• YOUR GOAL
Your job is to retype all of the data word for word, leaving every image out.
====== COLLECTED DATA ======
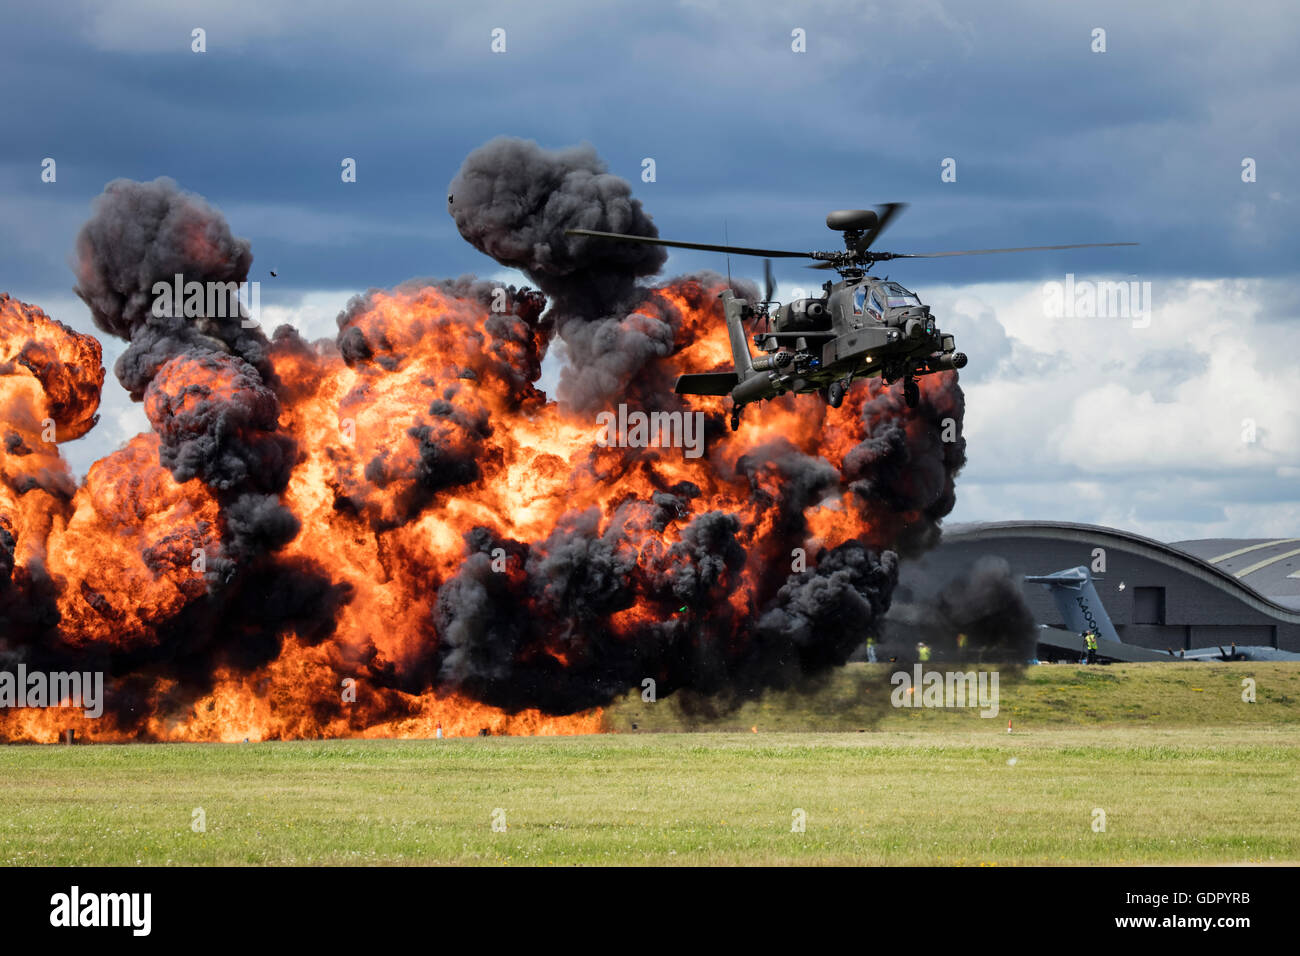 Britische Armee-Apache-Hubschrauber Übung mit schwarzer Rauch und Flammen. Klingen der Hubschrauber leicht blurred4 Gefühl der Bewegung Stockfoto
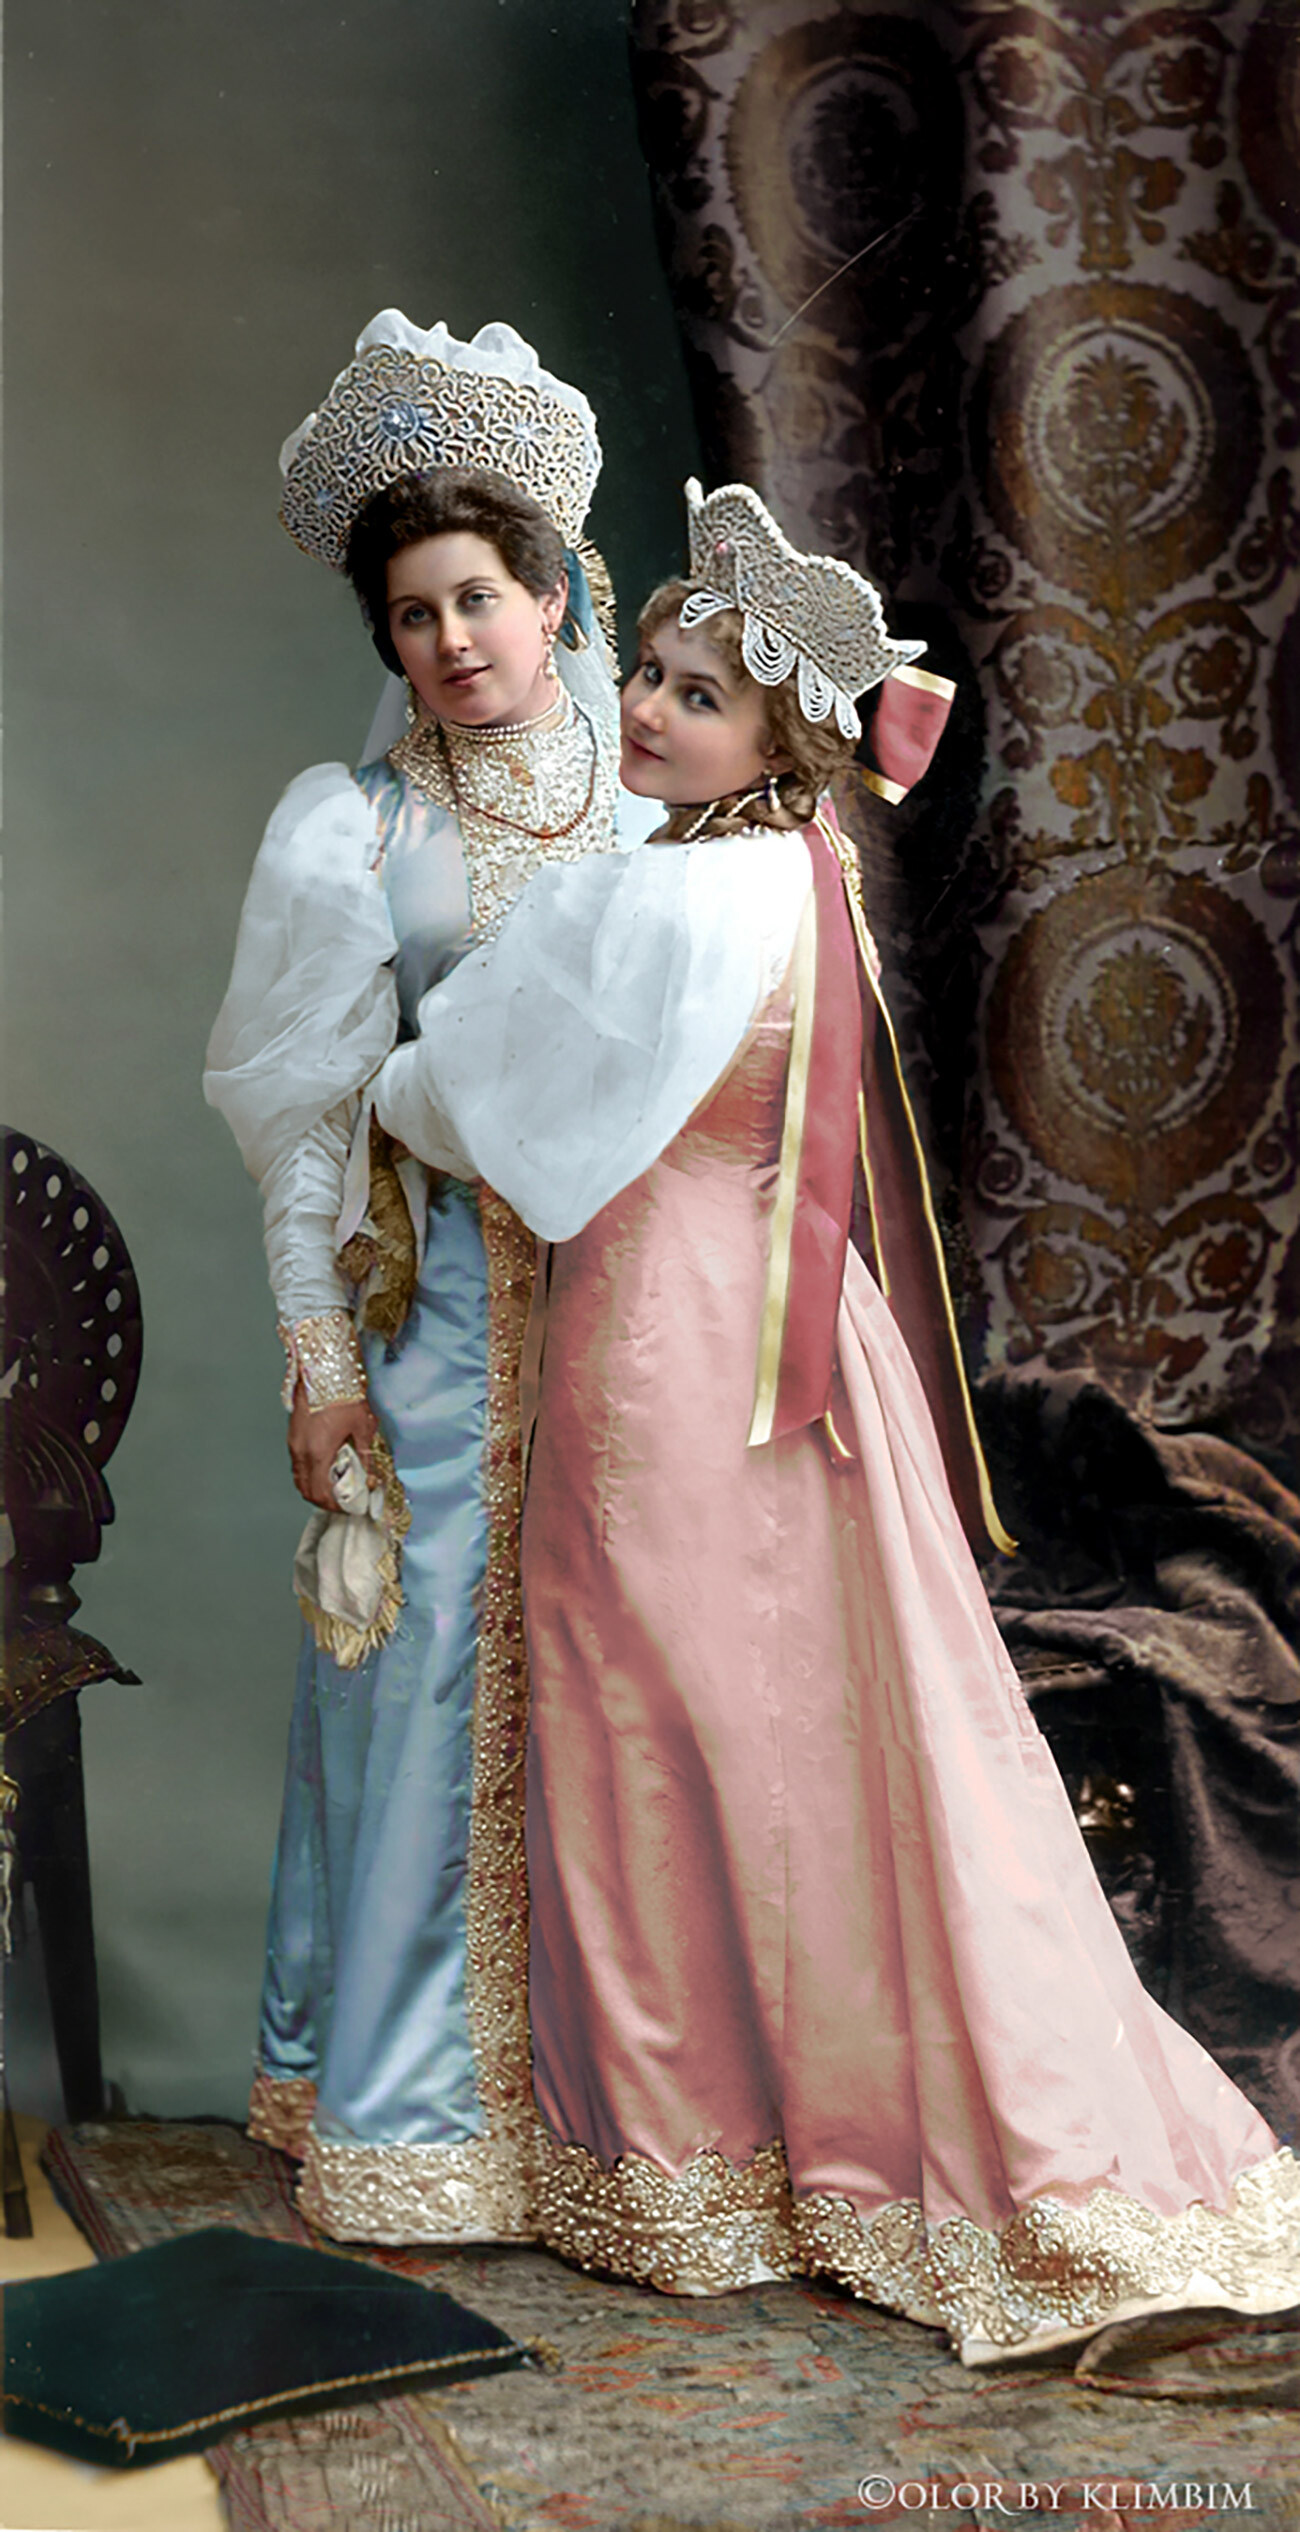 皇后付き女官のアンナ・タニェエワとその姉妹 
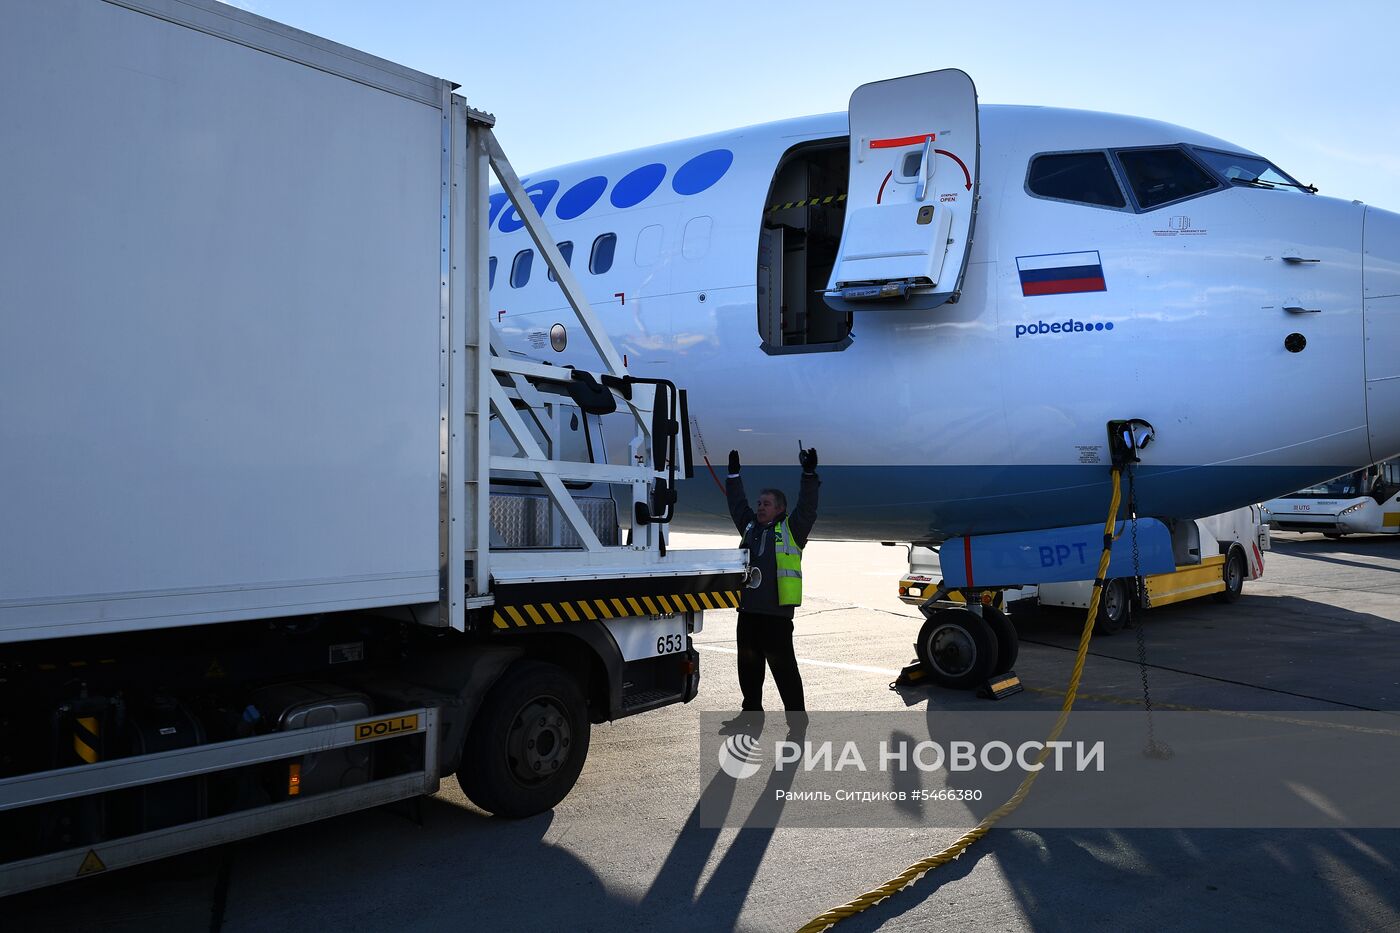 Обслуживание самолета авиакомпании «Победа» в аэропорту Внуково
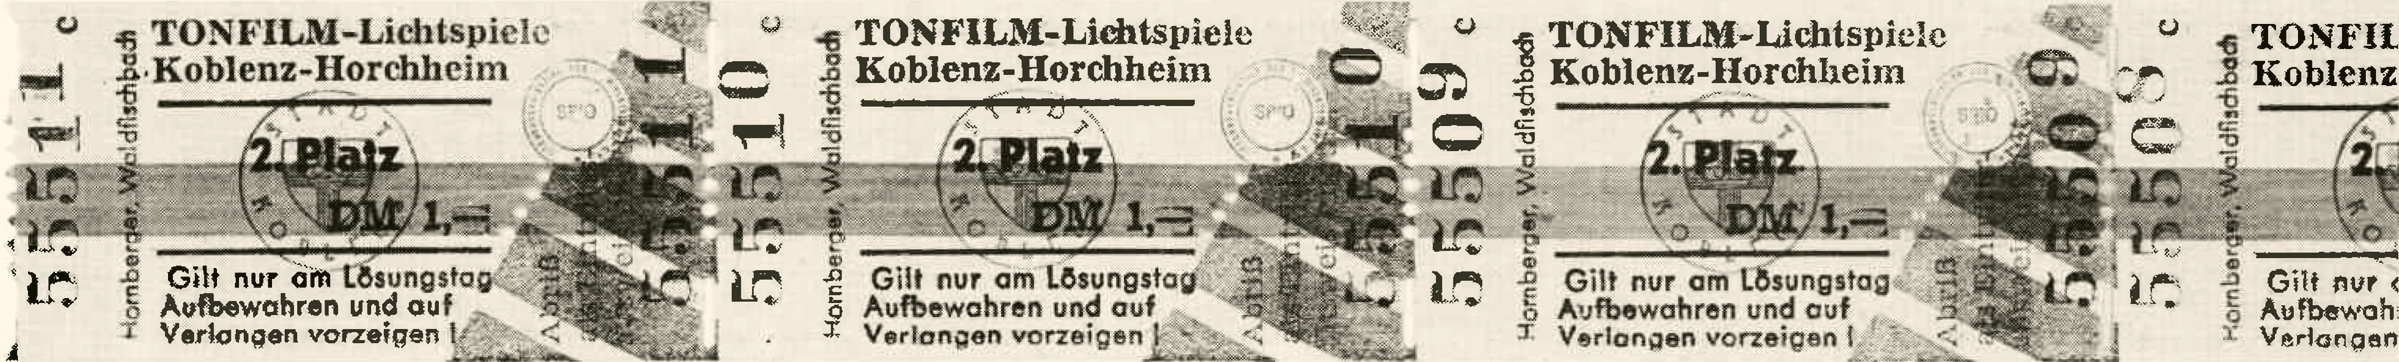 Kinokarten Tonfilm-Lichtspiele Koblenz-Horchheim
======
• ANSWER SPACE
 Britische Armee-Apache-Hubschrauber Übung mit schwarzer Rauch und Flammen. Klingen der Hubschrauber leicht blurred4 Gefühl der Bewegung Stockfoto
 皇后付き女官のアンナ・タニェエワとその姉妹 
 Обслуживание самолета авиакомпании «Победа» в аэропорту Внуково
 Kinokarten Tonfilm-Lichtspiele Koblenz-Horchheim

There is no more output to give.